[MATERIAL PROVIDED]
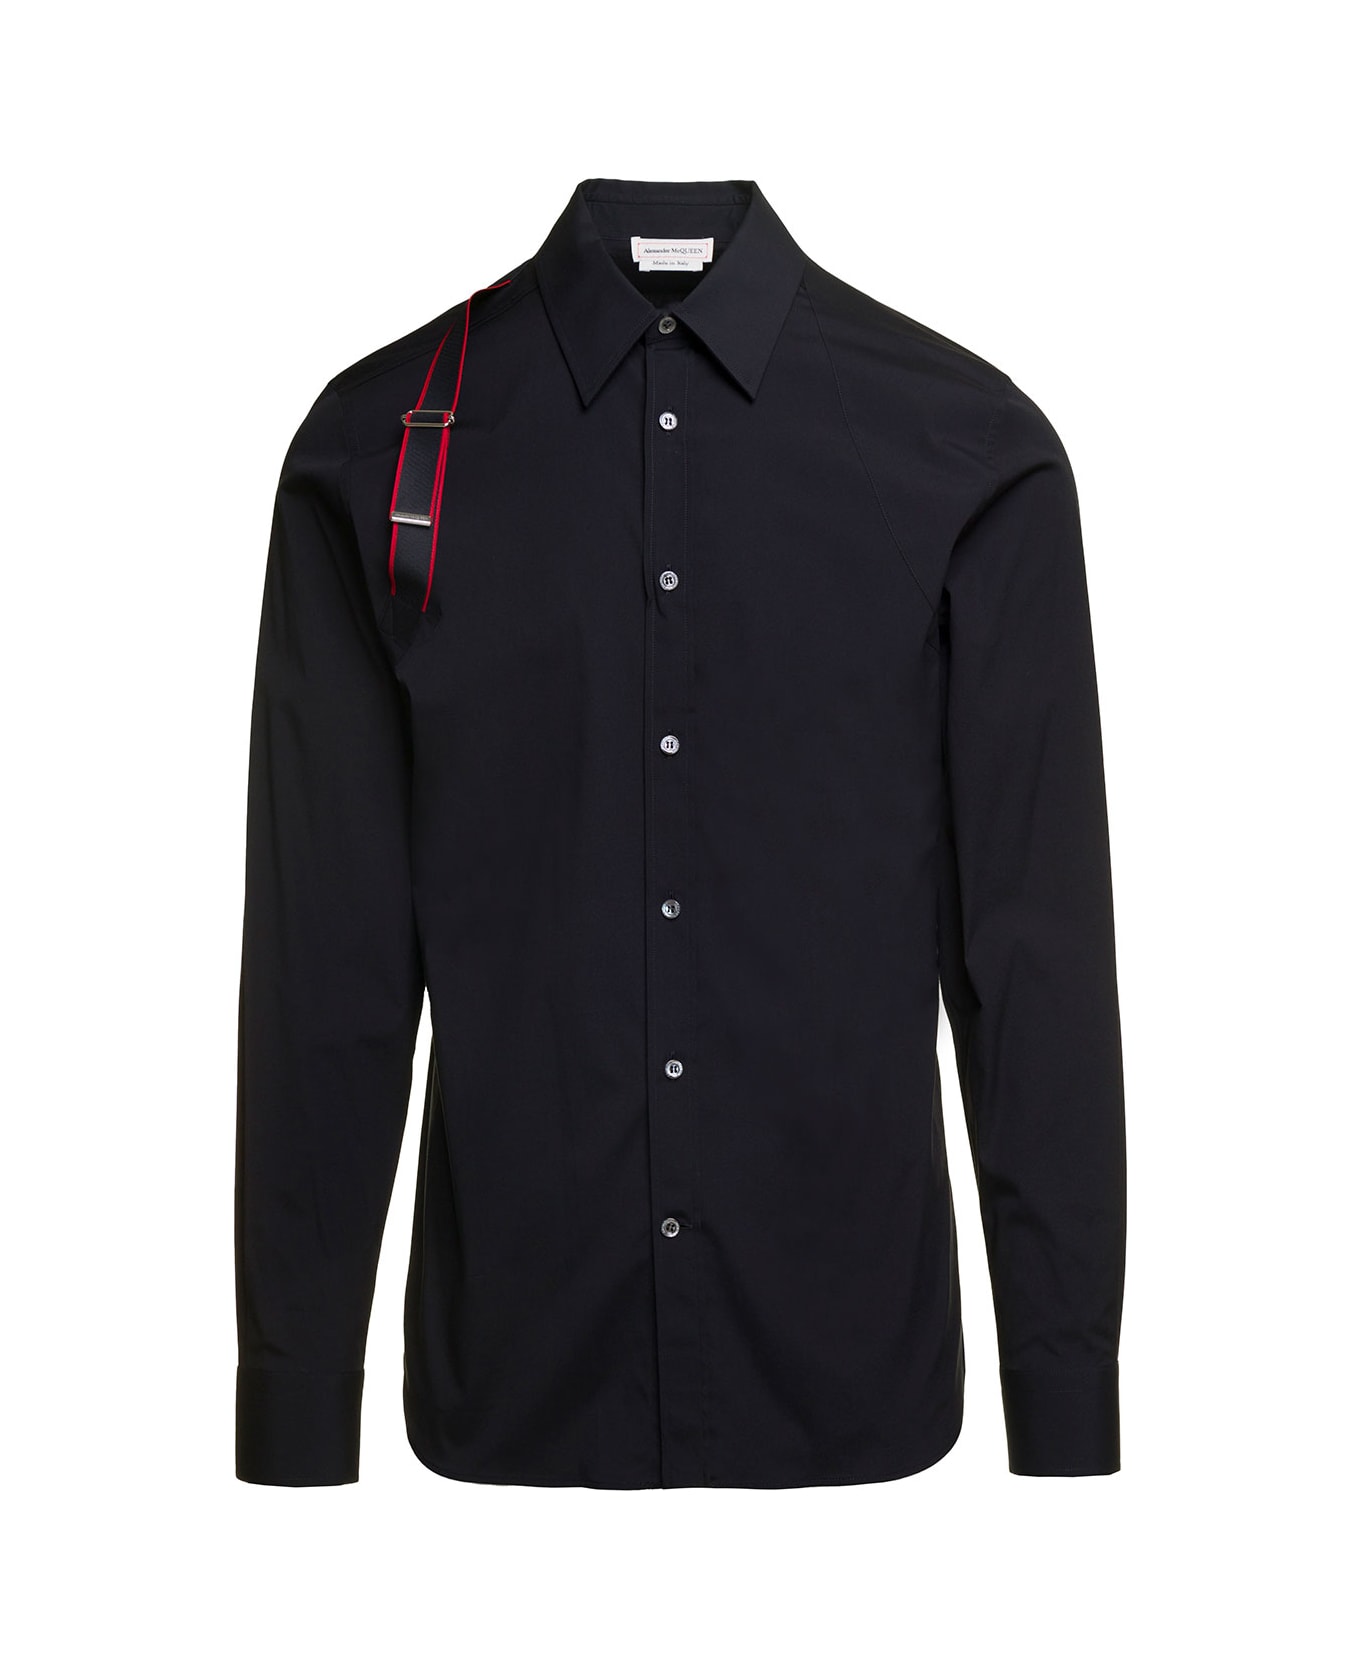 Alexander McQueen Black Shirt With Harness Detail In Stretch Cotton Man - Black
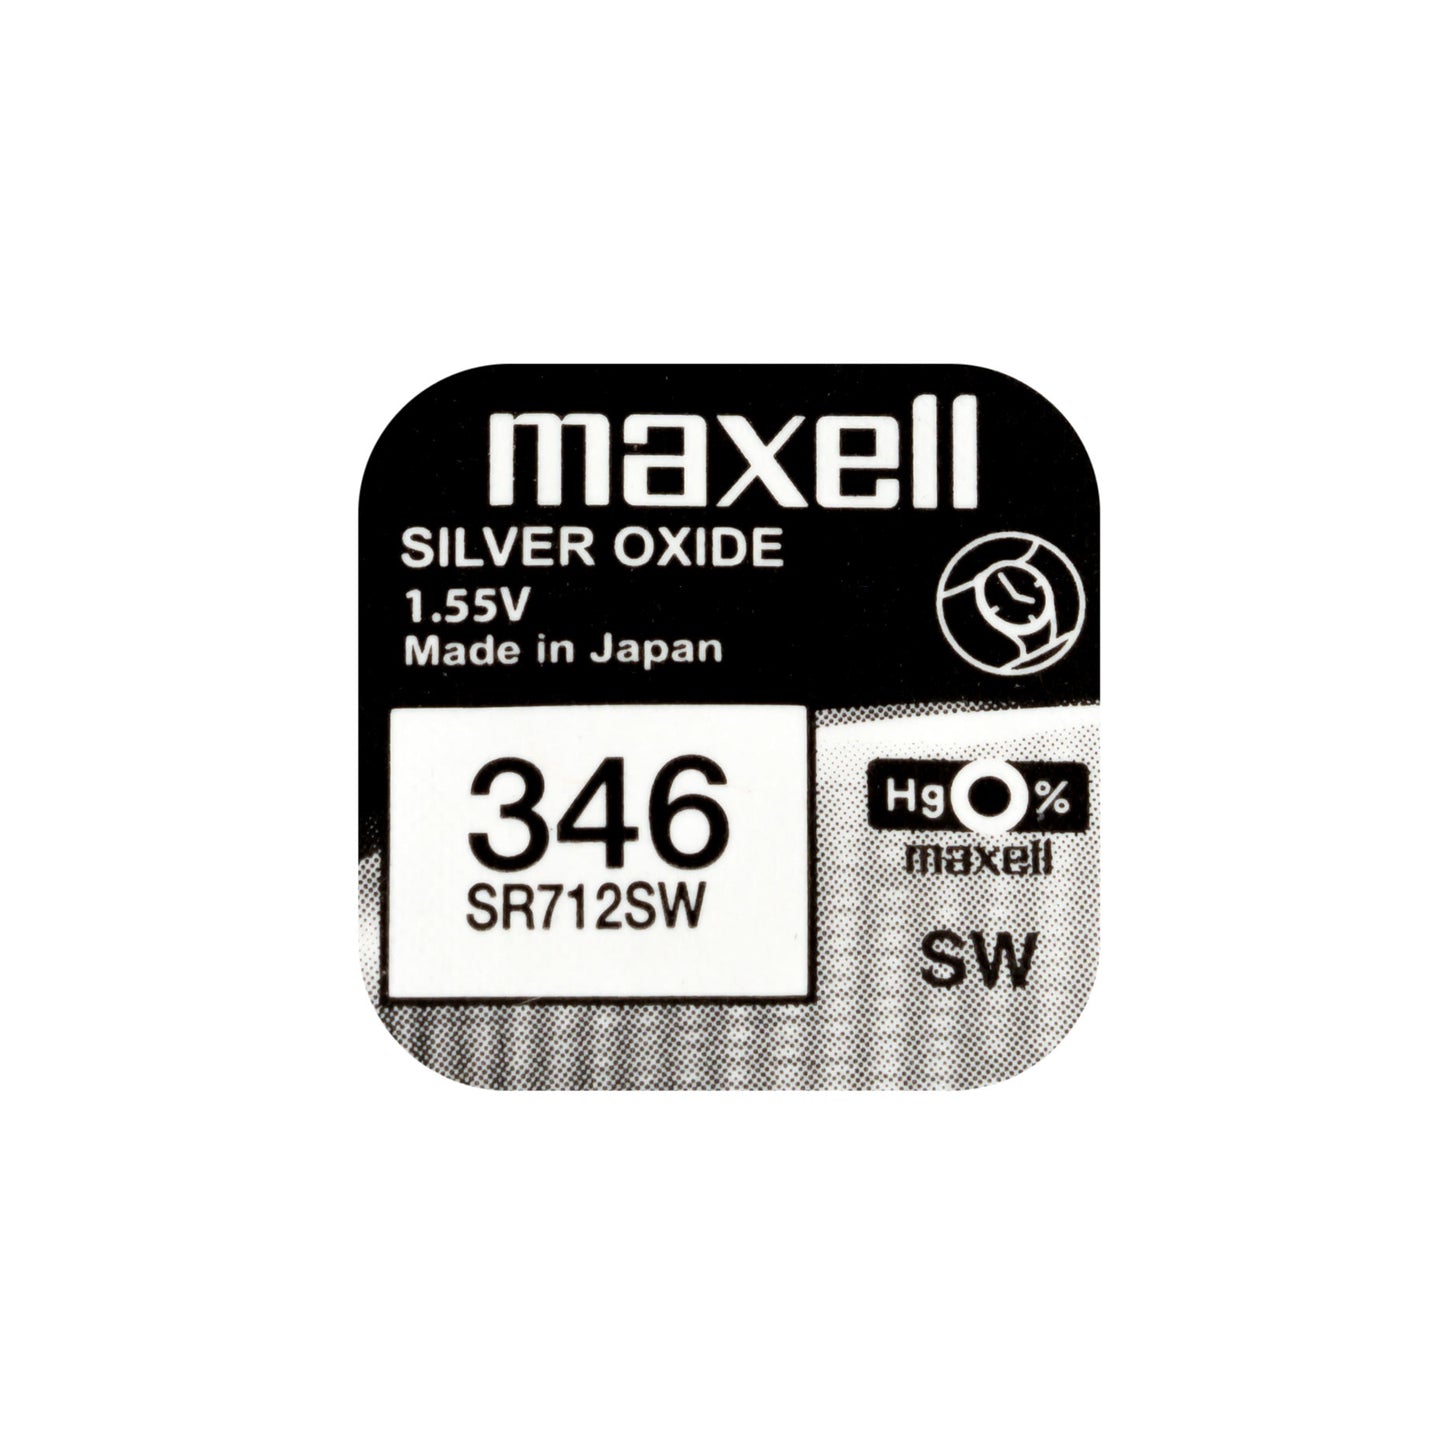 Maxell SR712SW (346) Silver Oxide Watch Batteries
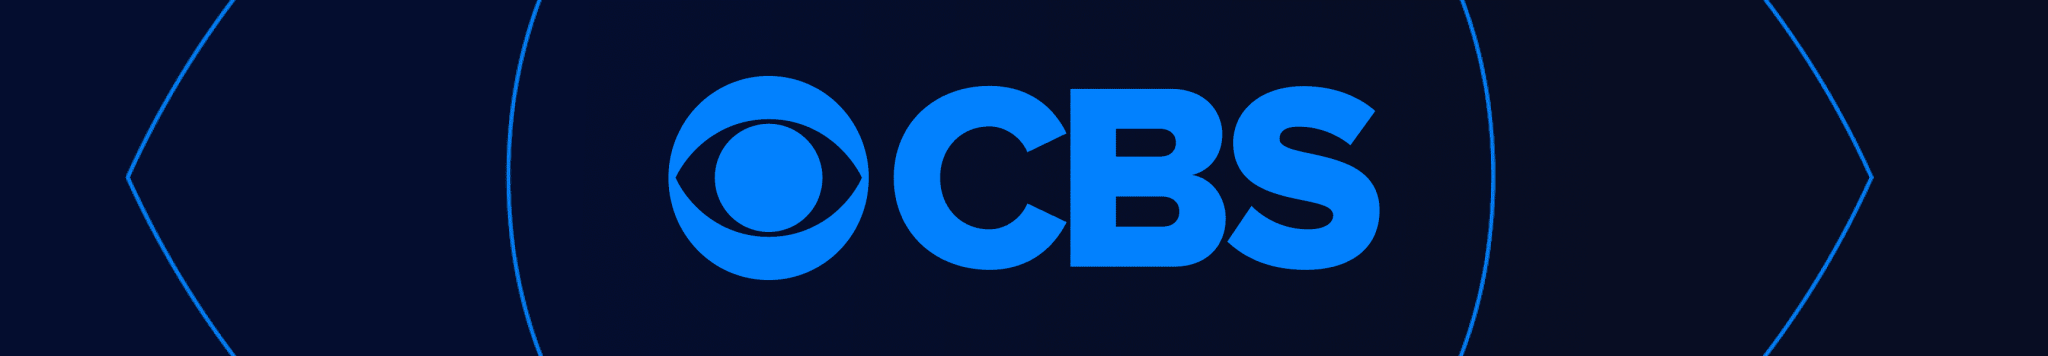 CBS Entertainment Robes

[WORK ORDER]
Omit the pictures, then set down all the remaining data exactly as given.

[ANSWER TO THIS EXERCISE]
 Alexander McQueen Black Shirt With Harness Detail In Stretch Cotton Man - Black
 Maxell SR712SW (346) Silver Oxide Watch Batteries
 CBS Entertainment Robes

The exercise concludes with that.